GIVEN INFORMATION
----

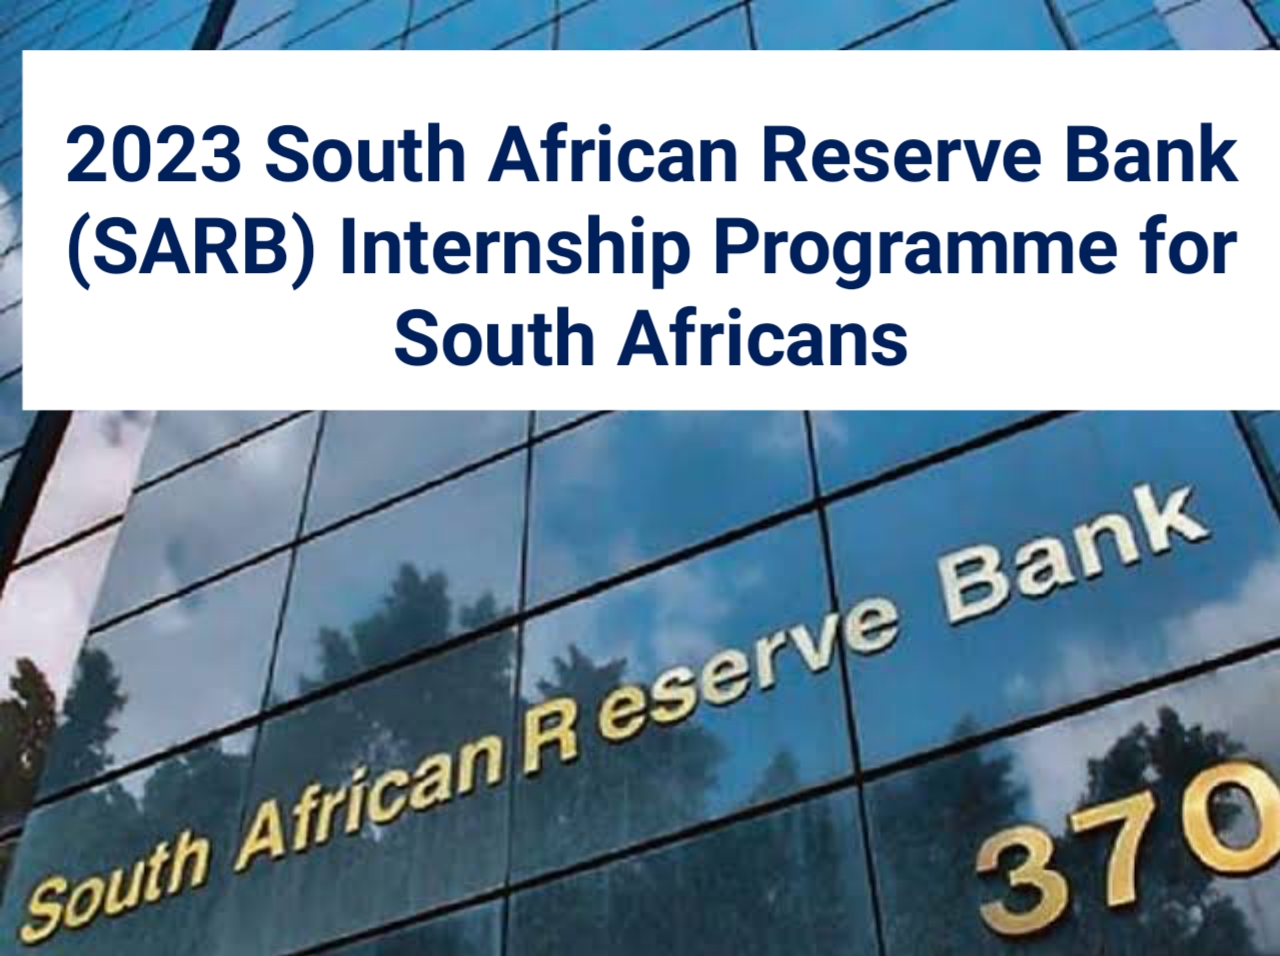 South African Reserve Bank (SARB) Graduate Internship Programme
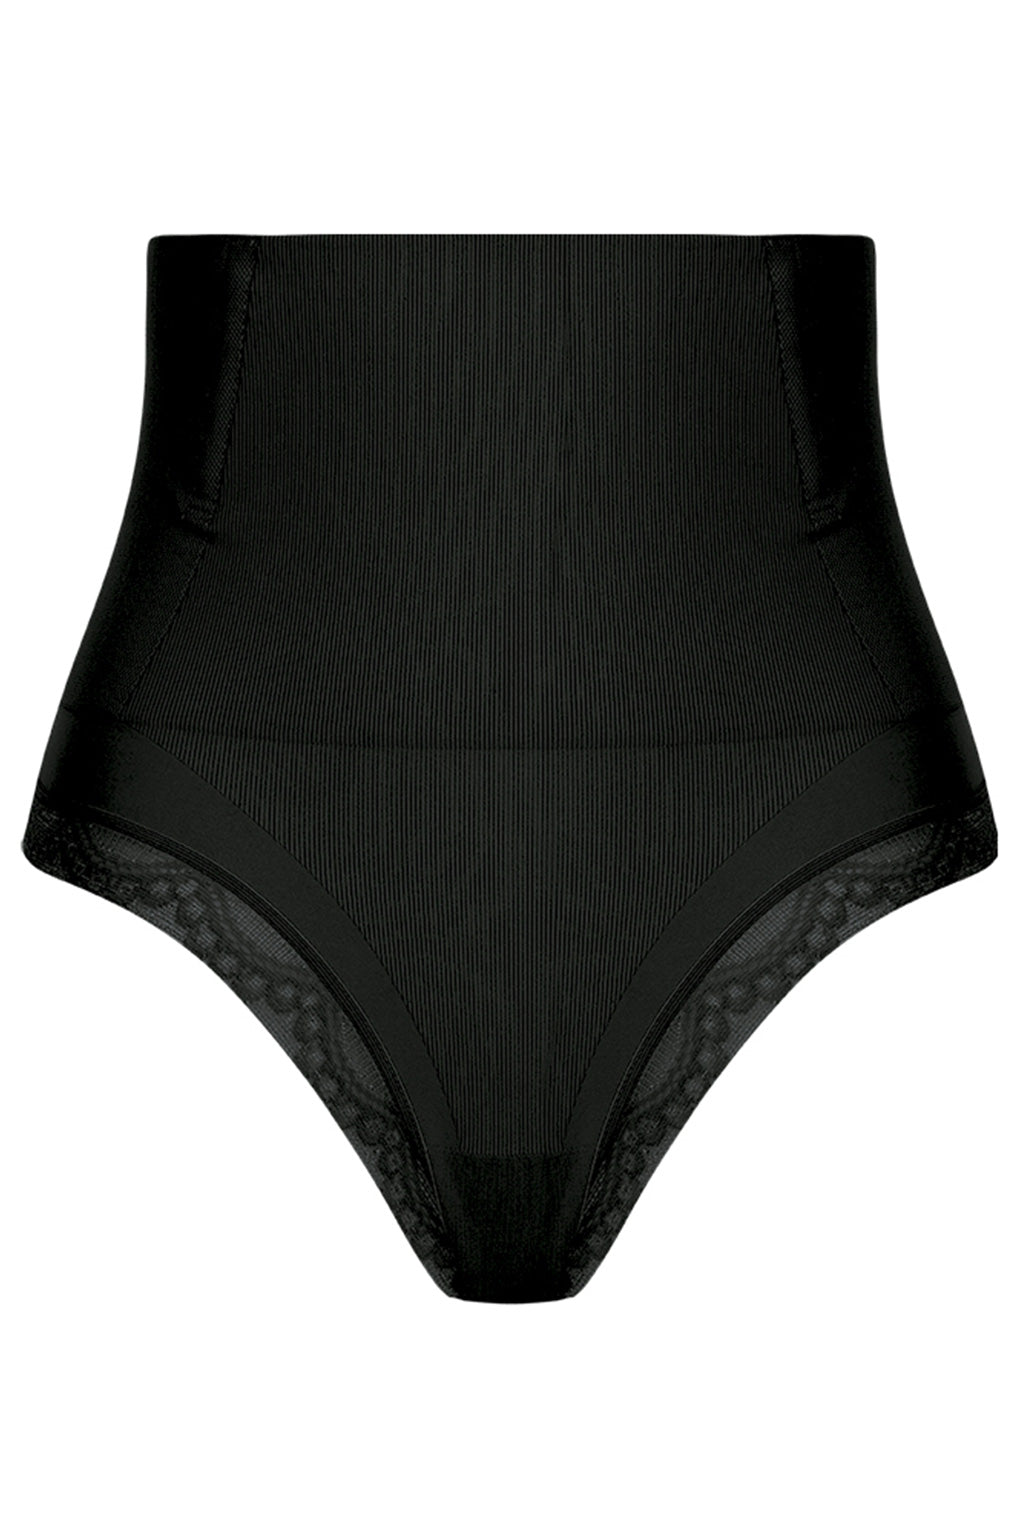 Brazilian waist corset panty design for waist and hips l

----

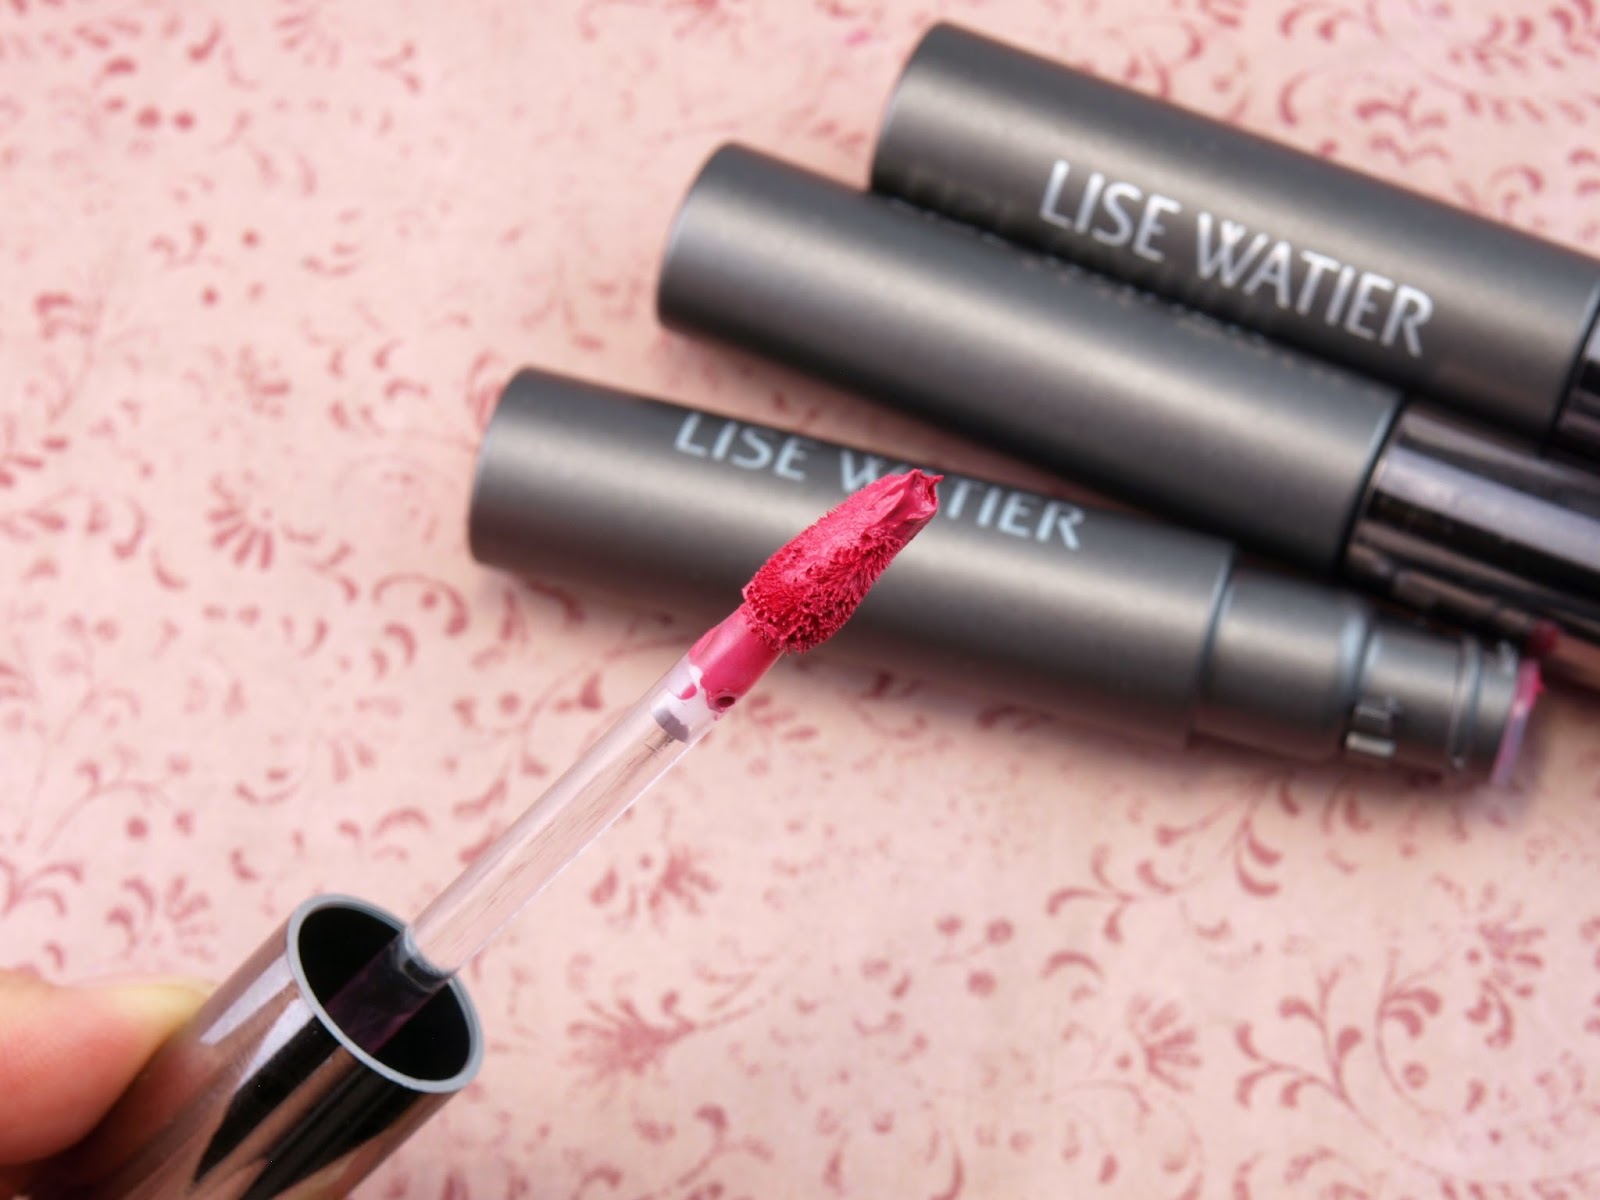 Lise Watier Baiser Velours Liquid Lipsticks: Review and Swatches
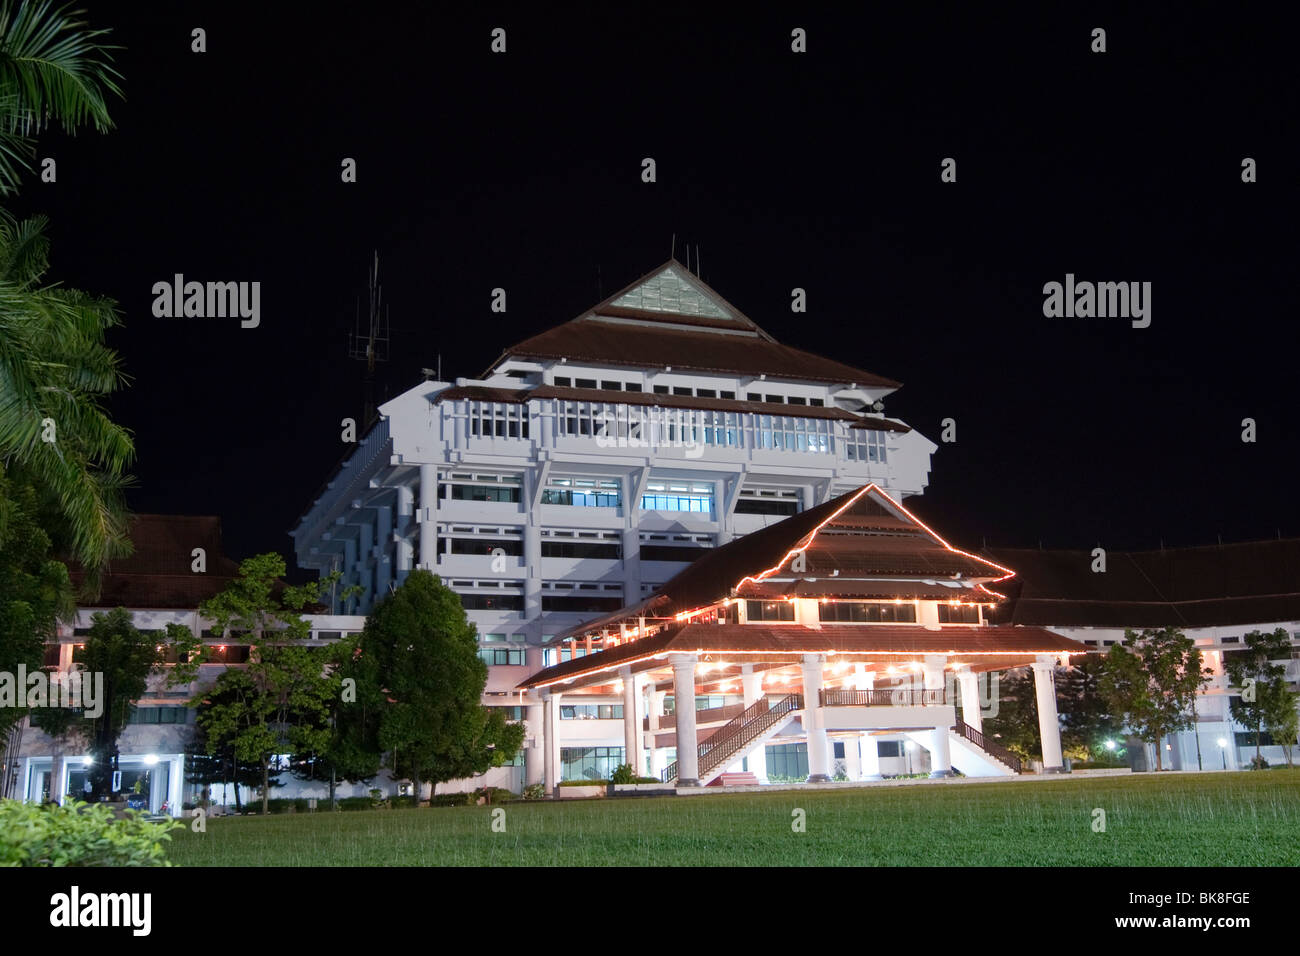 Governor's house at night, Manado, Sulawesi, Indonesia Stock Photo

----

WHAT TO DO
Using the data above, which lines fall from the one with "South African Reserve" through the one with "Brazilian waist corset"? Repeat them exactly, ends included, minus any pictures.

SOLUTION FOR THIS TASK
 South African Reserve Bank (SARB) Graduate Internship Programme
 Brazilian waist corset panty design for waist and hips l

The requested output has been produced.